Exact reproduction of the data is required, with images excluded.

▸ Data below
****

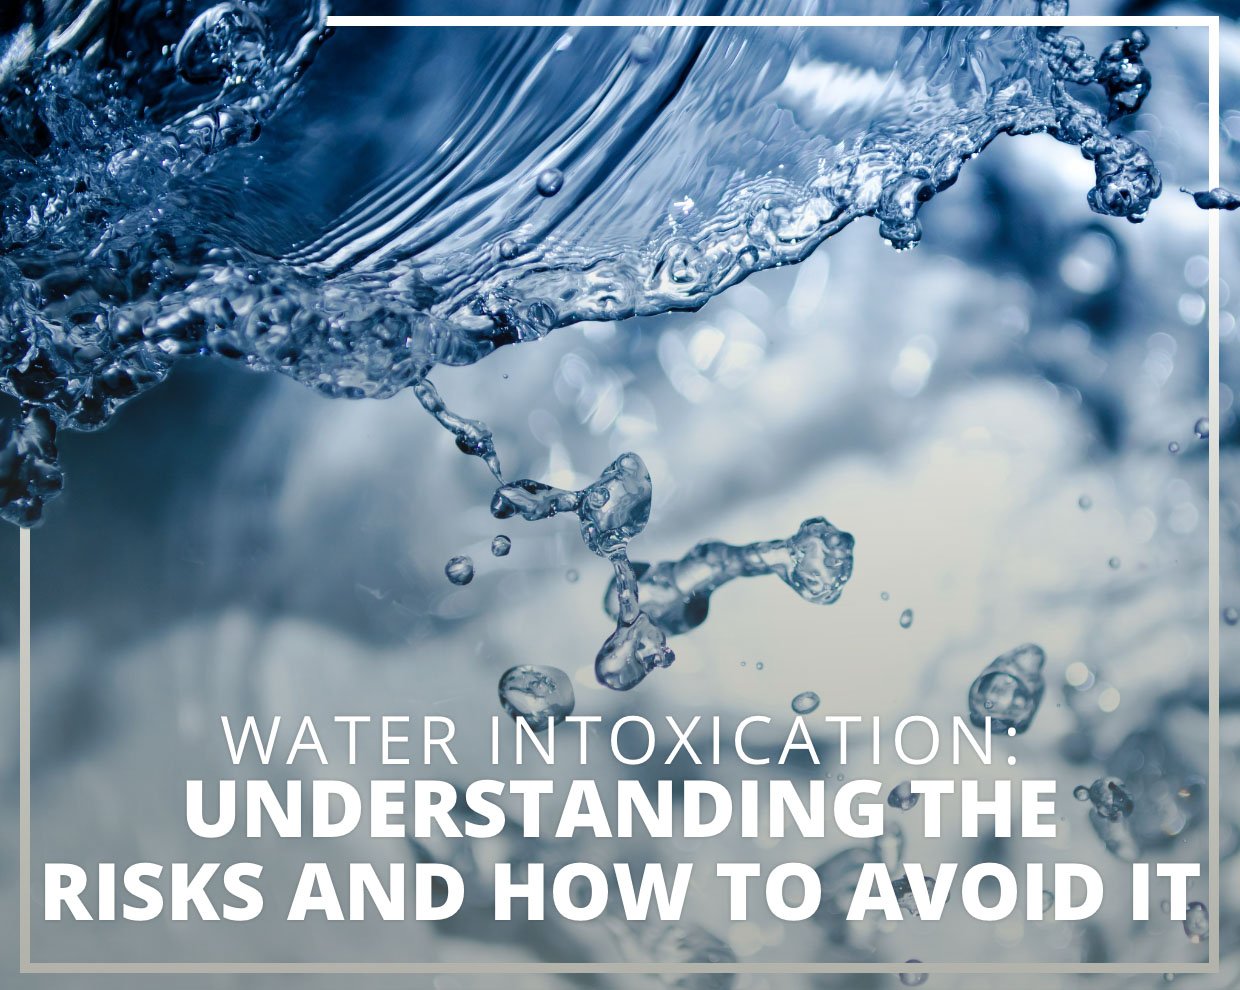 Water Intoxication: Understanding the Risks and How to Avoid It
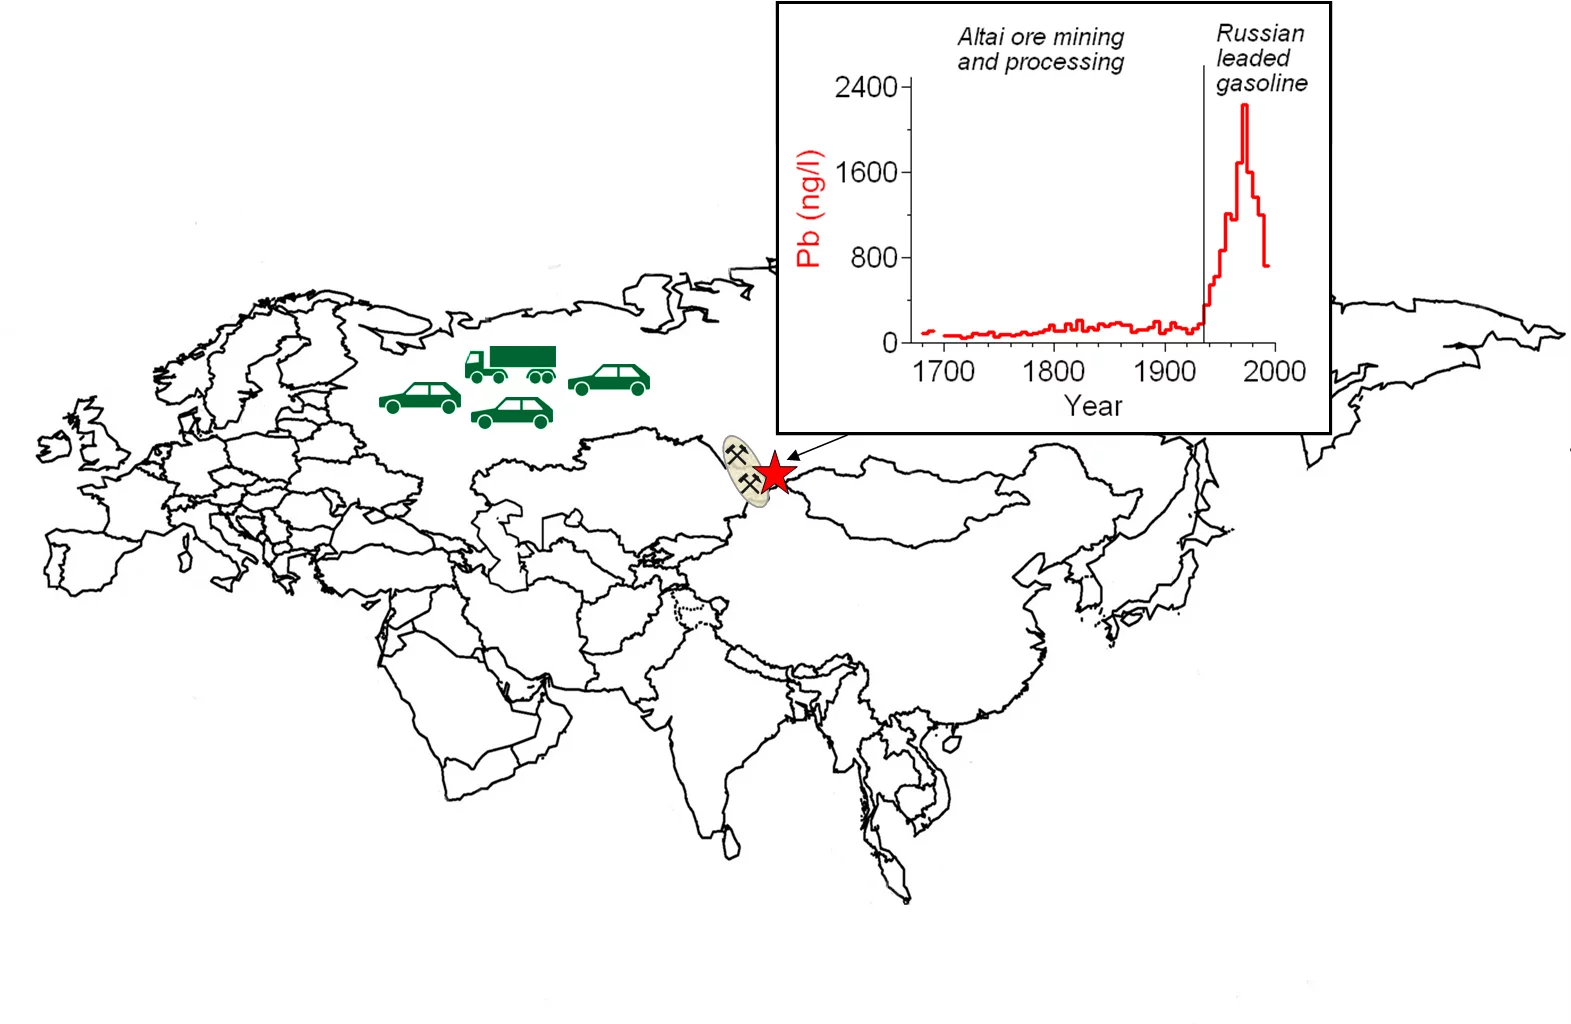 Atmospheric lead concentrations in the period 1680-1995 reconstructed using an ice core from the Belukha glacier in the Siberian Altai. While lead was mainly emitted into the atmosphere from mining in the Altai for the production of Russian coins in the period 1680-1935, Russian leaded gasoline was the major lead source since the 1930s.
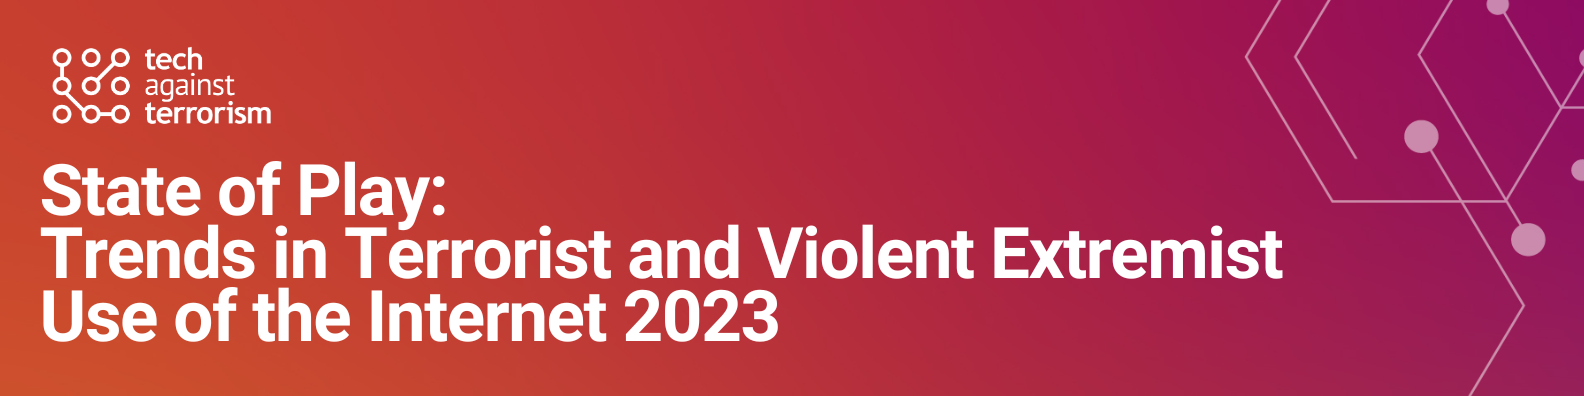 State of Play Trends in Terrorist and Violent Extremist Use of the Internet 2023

****

▸ Solution for this task
 Water Intoxication: Understanding the Risks and How to Avoid It
 Atmospheric lead concentrations in the period 1680-1995 reconstructed using an ice core from the Belukha glacier in the Siberian Altai. While lead was mainly emitted into the atmosphere from mining in the Altai for the production of Russian coins in the period 1680-1935, Russian leaded gasoline was the major lead source since the 1930s.
 State of Play Trends in Terrorist and Violent Extremist Use of the Internet 2023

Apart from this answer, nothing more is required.